For the calendar years 2014-2019, through September 16, the number of deaths from all causes (adjusted for population growth) was 1,991,648. For 2020 through September 16, the number of deaths from all causes is 2,302,633. This means that over the 37 weeks of 2020 through September 16, there were 310,985 more deaths in the United States than should be expected based on the averages from the six preceding years.

This fact, that during 2020, 310,000 people in the United States are dead who, if this were a normal year, would still be alive, means that at the very least we are not dealing with a hoax. And while the pandemic shutdown may be killing jobs and robbing thousands of people of their will to live, suicides alone cannot begin to explain the spike in deaths back in April, when these lockdowns had barely begun, and total deaths were 46 percent above the average for a normal week in April.

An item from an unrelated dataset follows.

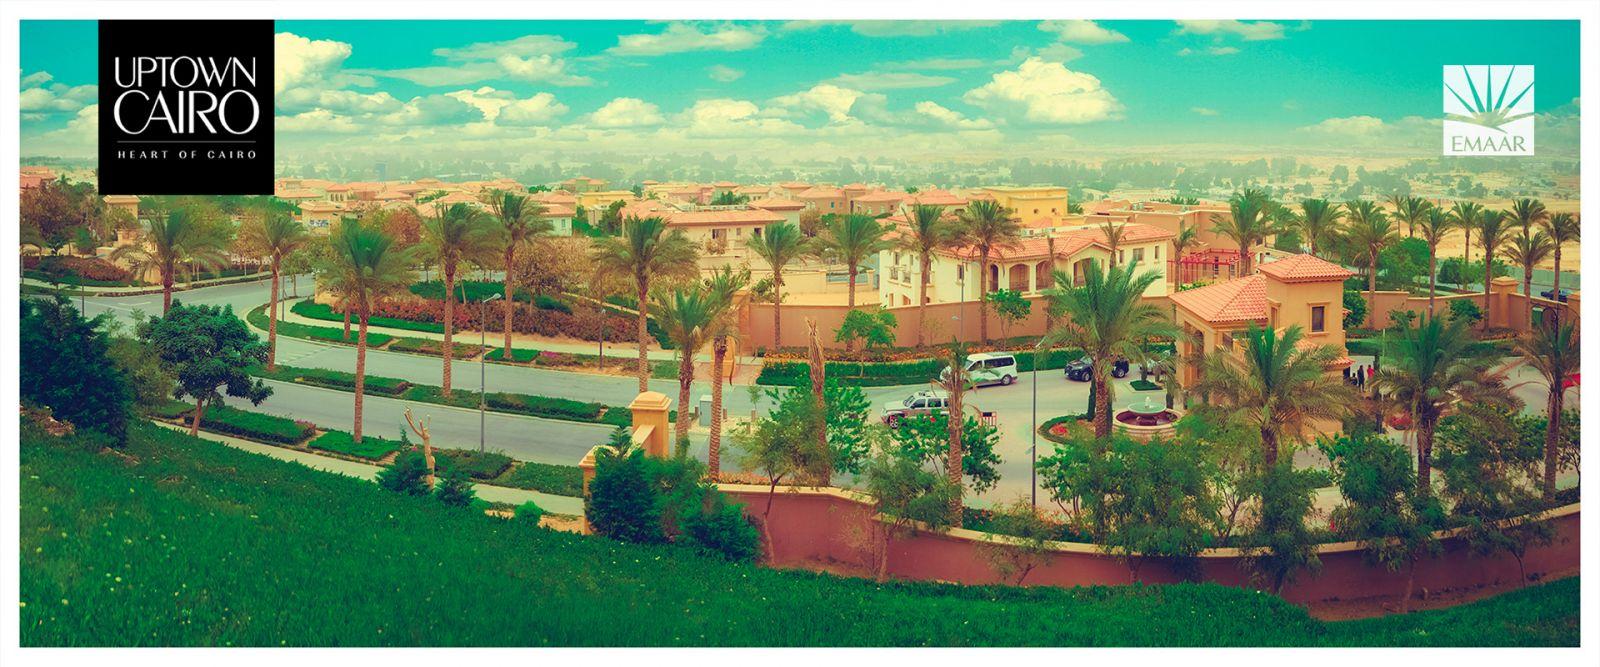 UPTOWN-Cairo-By-Emaar-Misr

The point of this analysis is not to suggest the measures that government officials – federal, state and local – have taken are the correct measures. Some states have done better than others at managing this crisis, and most everyone has had to deal with unknowns and uncertainties in a situation where the stakes could hardly be any higher. And for those who are conspiracy minded enough to think this disease is not all that serious, based on the fact that most of its victims are older people with serious preexisting health conditions, then they ought to be conspiracy minded enough to realize that if this pandemic doesn’t get everyone into line, then the next one will be engineered to be deadlier. How much of a skeptic do you have to be these days to consider the chance that COVID-19 spontaneously arose in a Chinese “wet market” vs the chance that it was engineered and spread deliberately to be an even bet?

Ultimately, however, in an age when you can’t trust anything coming from the media, and less than ever from the government, maybe this analysis is a useful way to remind us all that even if we’re dealing with official misinformation on almost everything that matters, that doesn’t mean that everything we’re fed, every single time, is false.

It is probably a reasonably safe bet that the data presented by the CDC on weekly deaths from all causes in America is accurate, once you take into account the lag in getting all the data compiled. And it is also reasonable to question alternative media as diligently as we question official media. We live in an age of information war, and as in any war, both sides have their inevitable share of charlatans, hacks, and just plain careless players.